• Task to carry out: Scan the records for the string "Page"; copy each line where it occurs.
[Start of Attachment]
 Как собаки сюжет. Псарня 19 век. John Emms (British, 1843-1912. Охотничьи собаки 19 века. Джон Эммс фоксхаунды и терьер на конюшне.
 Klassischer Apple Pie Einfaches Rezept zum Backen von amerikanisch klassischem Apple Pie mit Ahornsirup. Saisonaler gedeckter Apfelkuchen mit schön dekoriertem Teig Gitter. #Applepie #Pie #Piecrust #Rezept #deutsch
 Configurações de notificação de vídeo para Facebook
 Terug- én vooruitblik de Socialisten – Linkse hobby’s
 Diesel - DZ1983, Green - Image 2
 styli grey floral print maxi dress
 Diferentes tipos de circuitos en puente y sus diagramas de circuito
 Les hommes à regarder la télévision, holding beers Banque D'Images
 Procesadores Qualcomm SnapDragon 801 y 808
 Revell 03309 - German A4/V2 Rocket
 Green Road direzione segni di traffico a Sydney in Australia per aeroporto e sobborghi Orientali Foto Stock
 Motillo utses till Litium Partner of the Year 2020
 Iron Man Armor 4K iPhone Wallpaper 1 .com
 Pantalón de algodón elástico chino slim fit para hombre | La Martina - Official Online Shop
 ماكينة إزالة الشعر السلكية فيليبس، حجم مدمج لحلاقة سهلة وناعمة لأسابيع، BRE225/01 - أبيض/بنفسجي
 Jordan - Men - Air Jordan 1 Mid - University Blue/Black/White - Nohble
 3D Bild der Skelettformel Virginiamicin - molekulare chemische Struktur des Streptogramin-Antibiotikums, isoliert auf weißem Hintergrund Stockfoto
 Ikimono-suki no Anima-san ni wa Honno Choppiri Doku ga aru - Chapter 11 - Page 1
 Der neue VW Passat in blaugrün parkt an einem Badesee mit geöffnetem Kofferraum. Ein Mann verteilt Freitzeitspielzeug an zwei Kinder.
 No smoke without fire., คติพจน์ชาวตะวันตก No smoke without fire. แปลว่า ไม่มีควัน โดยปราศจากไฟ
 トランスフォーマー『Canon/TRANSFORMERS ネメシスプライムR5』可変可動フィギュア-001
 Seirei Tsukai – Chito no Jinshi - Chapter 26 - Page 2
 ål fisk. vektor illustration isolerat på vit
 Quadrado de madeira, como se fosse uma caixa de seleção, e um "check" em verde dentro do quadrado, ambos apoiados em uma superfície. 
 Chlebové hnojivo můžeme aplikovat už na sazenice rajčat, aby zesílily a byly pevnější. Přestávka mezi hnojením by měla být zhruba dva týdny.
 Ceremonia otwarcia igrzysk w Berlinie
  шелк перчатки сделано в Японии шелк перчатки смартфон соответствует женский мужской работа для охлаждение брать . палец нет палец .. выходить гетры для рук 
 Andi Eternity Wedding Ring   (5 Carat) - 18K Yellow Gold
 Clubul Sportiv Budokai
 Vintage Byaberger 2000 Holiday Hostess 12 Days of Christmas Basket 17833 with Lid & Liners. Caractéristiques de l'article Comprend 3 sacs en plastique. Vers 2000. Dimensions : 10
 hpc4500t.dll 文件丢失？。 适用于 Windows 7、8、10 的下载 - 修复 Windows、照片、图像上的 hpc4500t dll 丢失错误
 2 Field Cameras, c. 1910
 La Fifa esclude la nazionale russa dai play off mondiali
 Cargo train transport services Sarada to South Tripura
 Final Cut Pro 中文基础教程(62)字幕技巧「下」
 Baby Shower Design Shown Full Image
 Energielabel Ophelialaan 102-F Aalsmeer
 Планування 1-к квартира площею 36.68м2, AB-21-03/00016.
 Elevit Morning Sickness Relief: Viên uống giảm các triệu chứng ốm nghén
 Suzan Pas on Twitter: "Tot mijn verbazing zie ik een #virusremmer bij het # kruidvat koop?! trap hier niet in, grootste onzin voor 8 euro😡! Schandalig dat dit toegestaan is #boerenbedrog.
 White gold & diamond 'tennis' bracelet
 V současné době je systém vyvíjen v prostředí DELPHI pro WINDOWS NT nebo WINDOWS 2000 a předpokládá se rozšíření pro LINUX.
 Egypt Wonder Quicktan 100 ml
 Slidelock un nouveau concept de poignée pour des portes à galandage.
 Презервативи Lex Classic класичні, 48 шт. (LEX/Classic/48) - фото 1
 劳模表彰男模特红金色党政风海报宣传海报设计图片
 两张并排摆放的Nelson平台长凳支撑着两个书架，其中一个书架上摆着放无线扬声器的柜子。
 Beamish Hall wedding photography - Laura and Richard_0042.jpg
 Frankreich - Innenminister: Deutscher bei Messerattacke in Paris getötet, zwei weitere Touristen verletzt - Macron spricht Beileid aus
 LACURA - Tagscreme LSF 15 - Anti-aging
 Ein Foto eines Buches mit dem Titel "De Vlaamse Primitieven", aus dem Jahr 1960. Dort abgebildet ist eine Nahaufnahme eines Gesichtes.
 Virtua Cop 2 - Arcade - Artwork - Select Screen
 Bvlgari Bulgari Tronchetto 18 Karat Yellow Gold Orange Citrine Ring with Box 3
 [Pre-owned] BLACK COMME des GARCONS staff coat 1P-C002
[End of Attachment]
• Solution for this problem:
 Ikimono-suki no Anima-san ni wa Honno Choppiri Doku ga aru - Chapter 11 - Page 1
 Seirei Tsukai – Chito no Jinshi - Chapter 26 - Page 2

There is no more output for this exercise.